WHAT IS NEEDED:
Copy exactly the lines of the data below, beginning with the line with "Gucci Black Leather" and ending with the line with "Marvel's Spider-Man 2". Pictures are to be omitted.

RECORDS SUPPLIED:

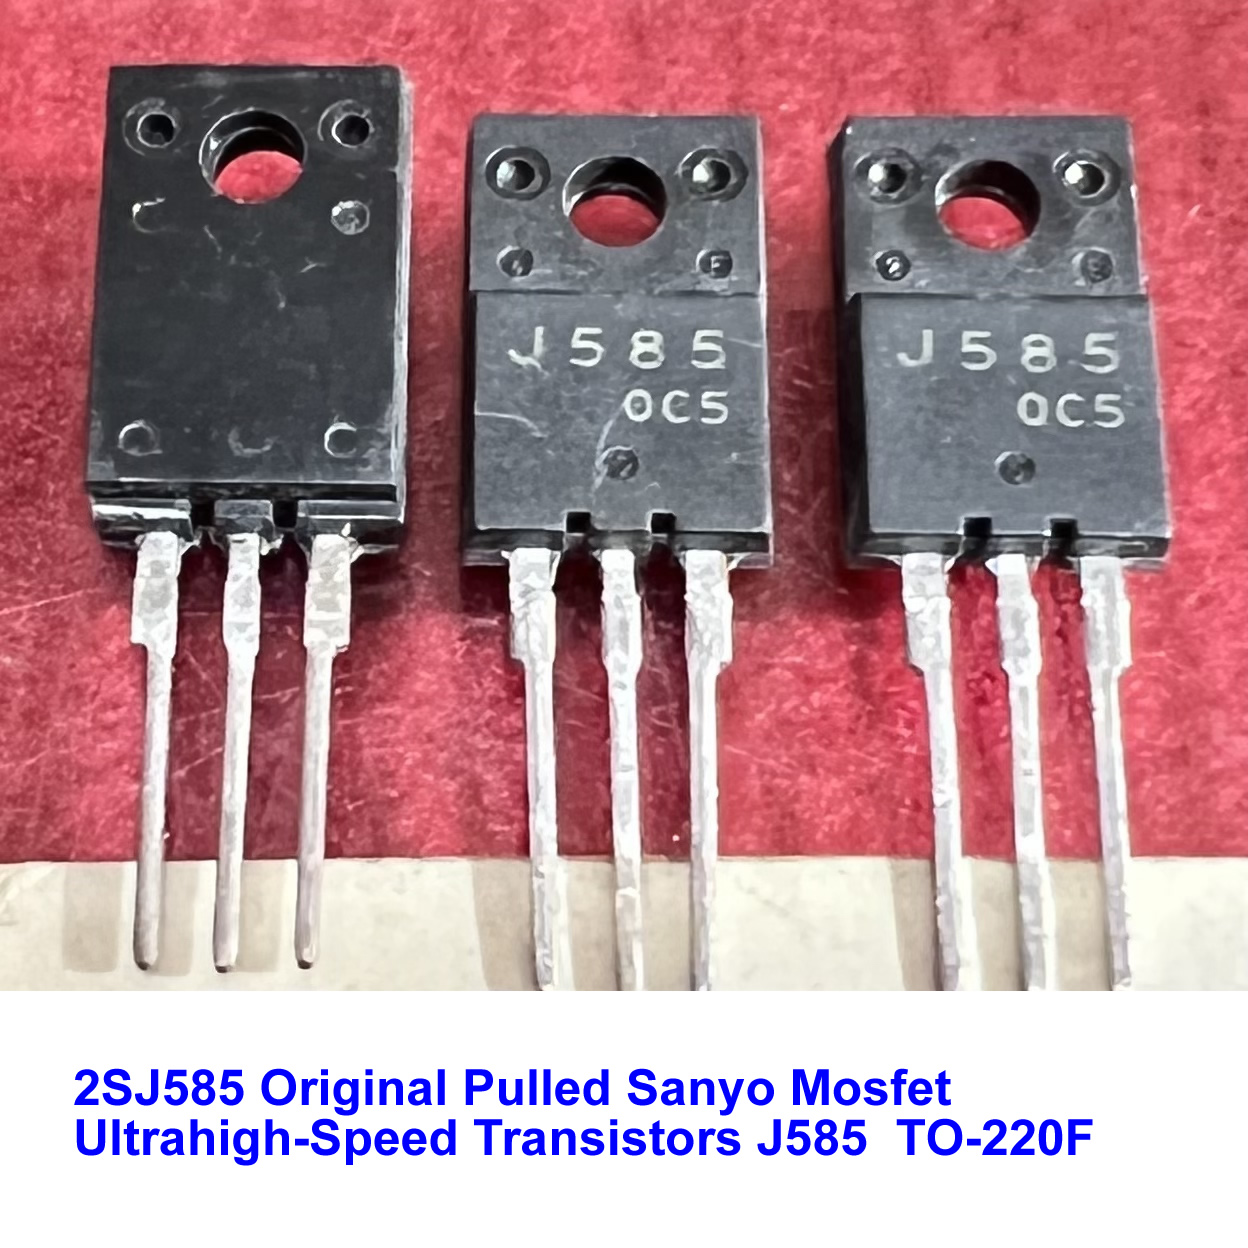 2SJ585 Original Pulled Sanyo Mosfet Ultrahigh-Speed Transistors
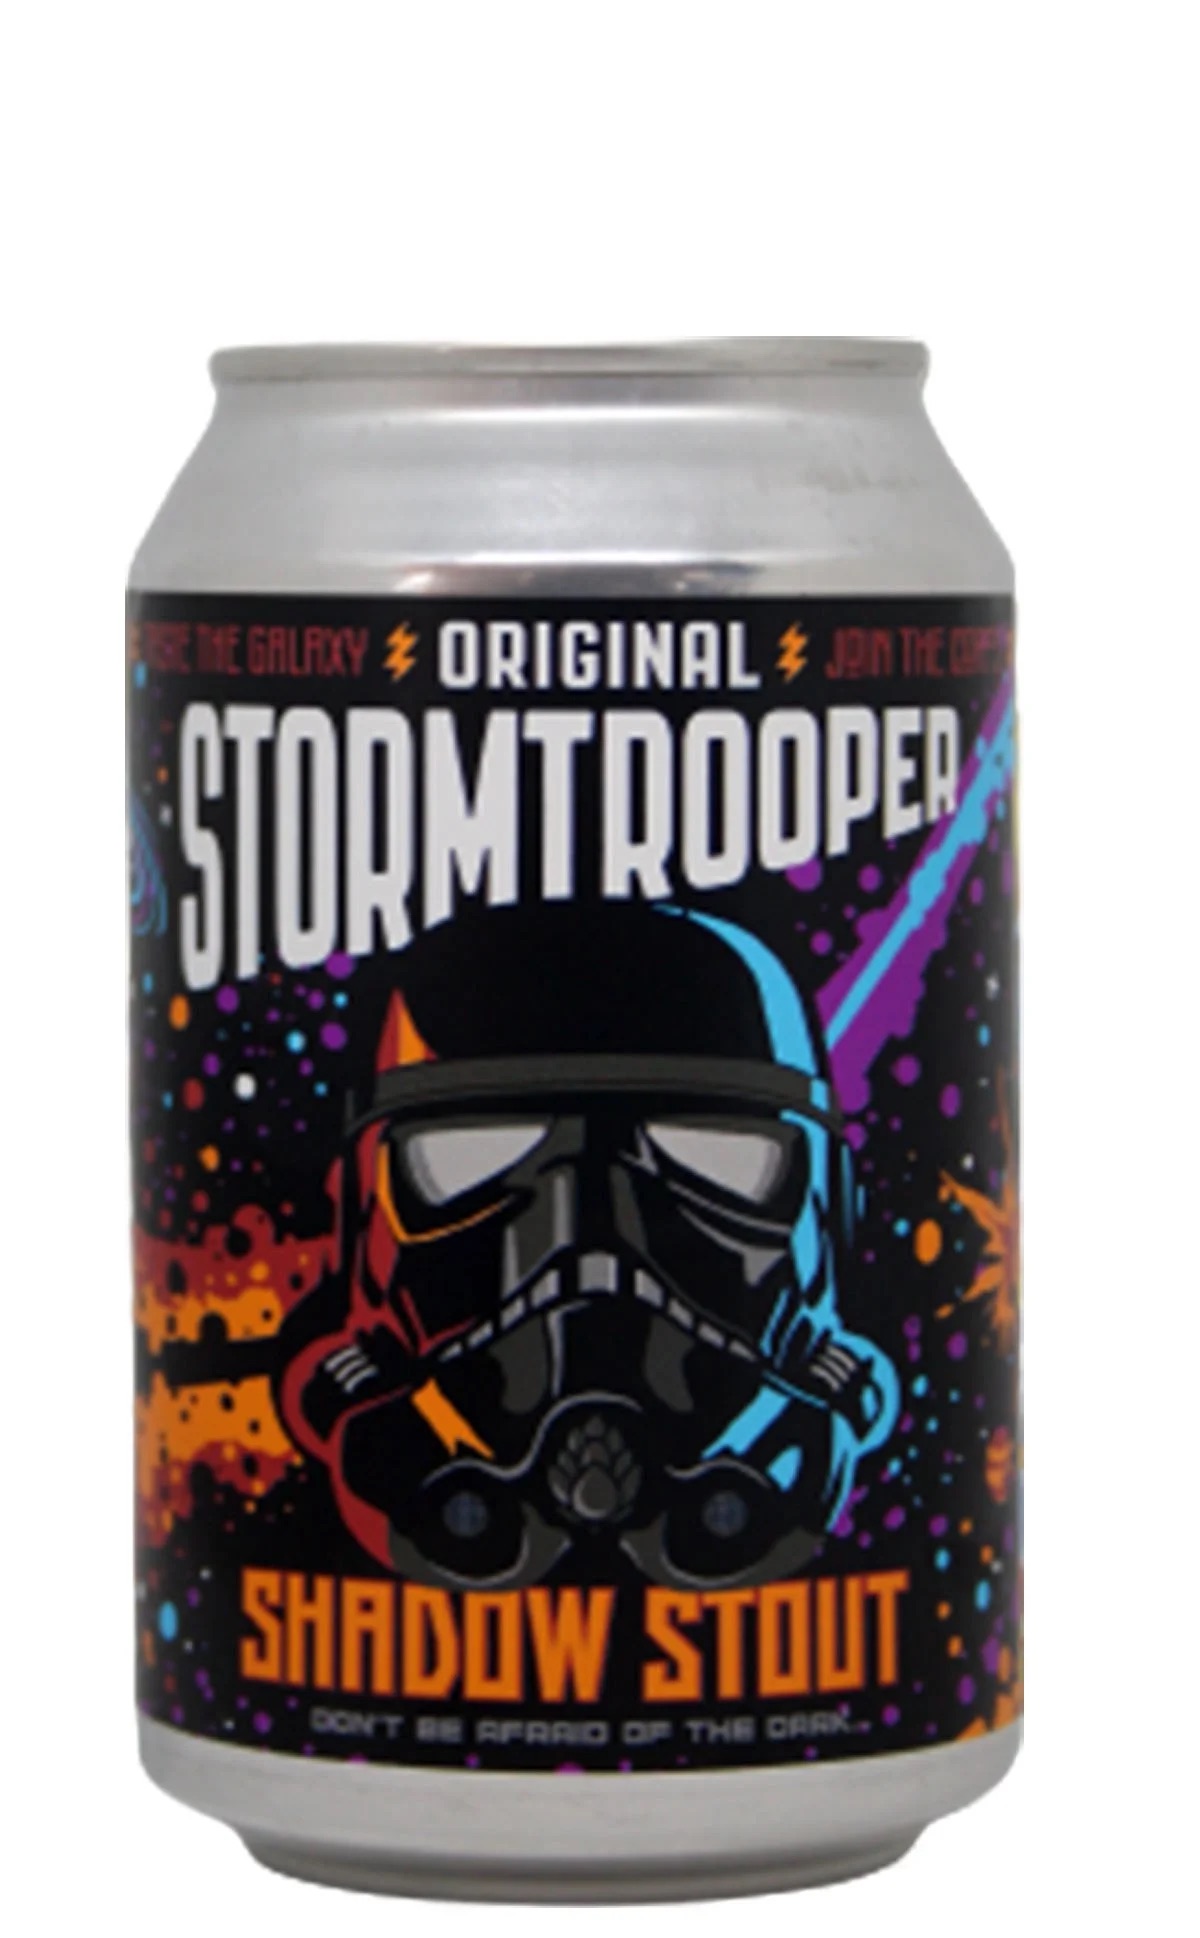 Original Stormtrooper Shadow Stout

--

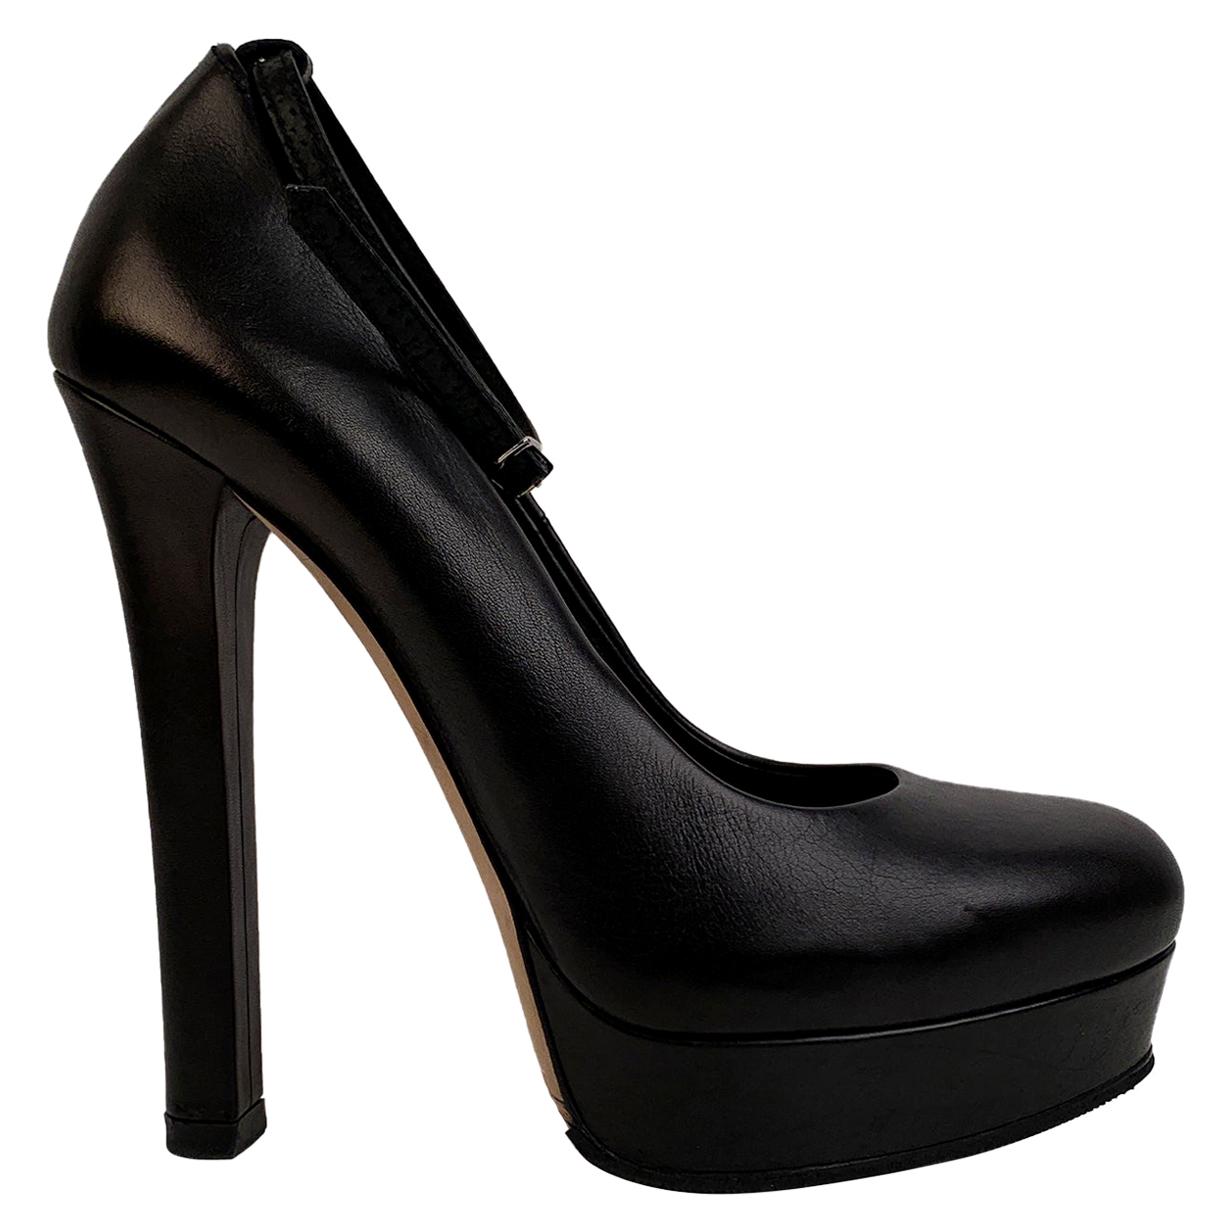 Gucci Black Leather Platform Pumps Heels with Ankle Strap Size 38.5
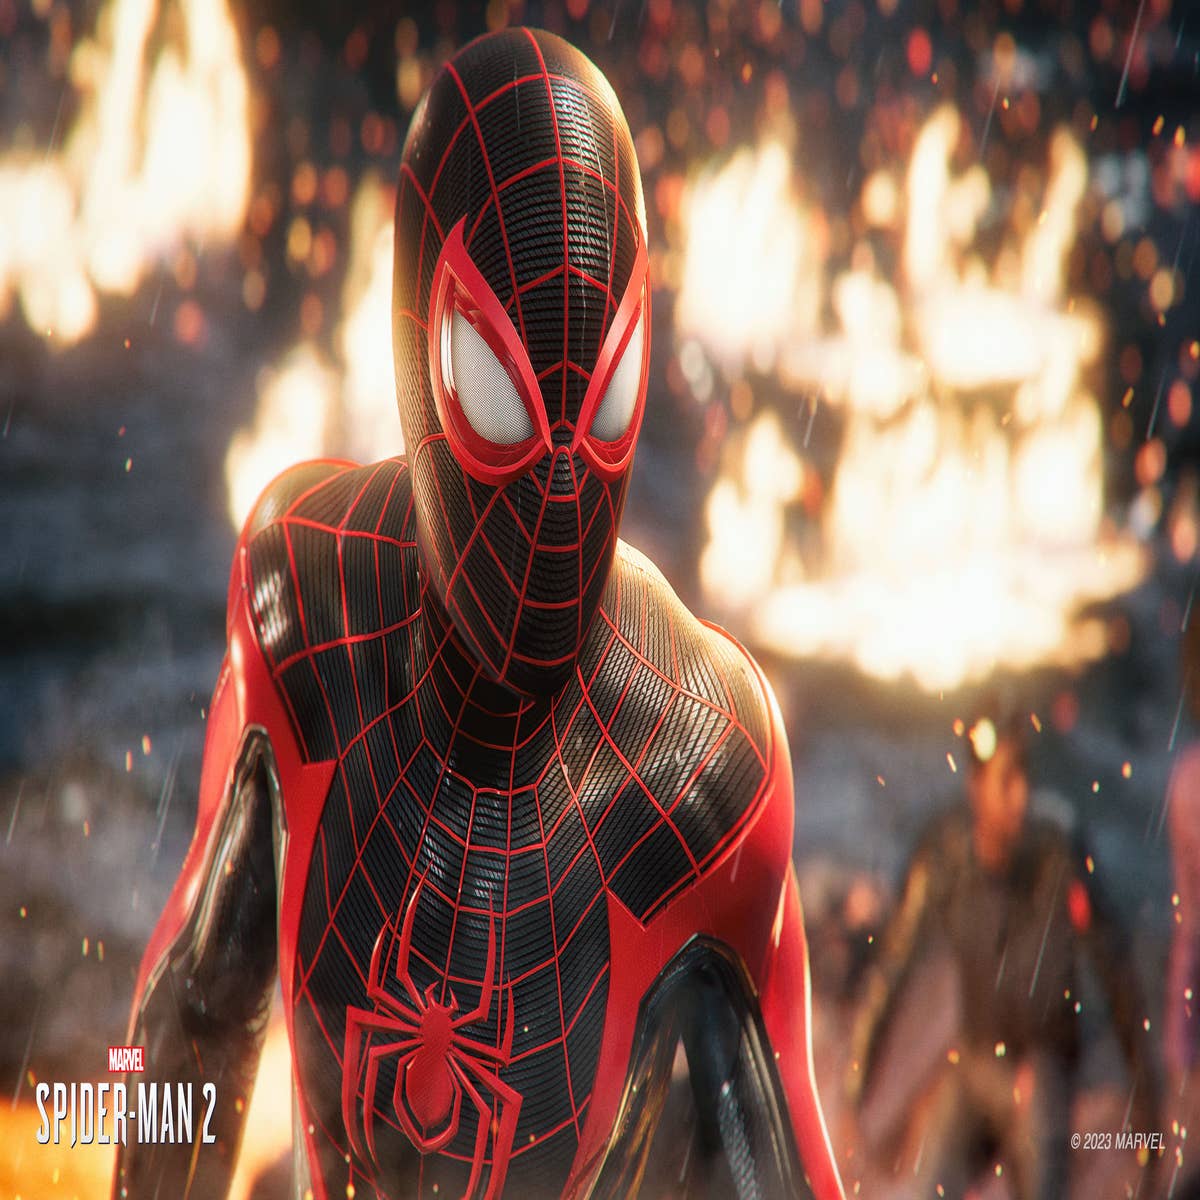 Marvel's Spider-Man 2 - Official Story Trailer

FINISHED EXERCISE:
 Gucci Black Leather Platform Pumps Heels with Ankle Strap Size 38.5
 Marvel's Spider-Man 2 - Official Story Trailer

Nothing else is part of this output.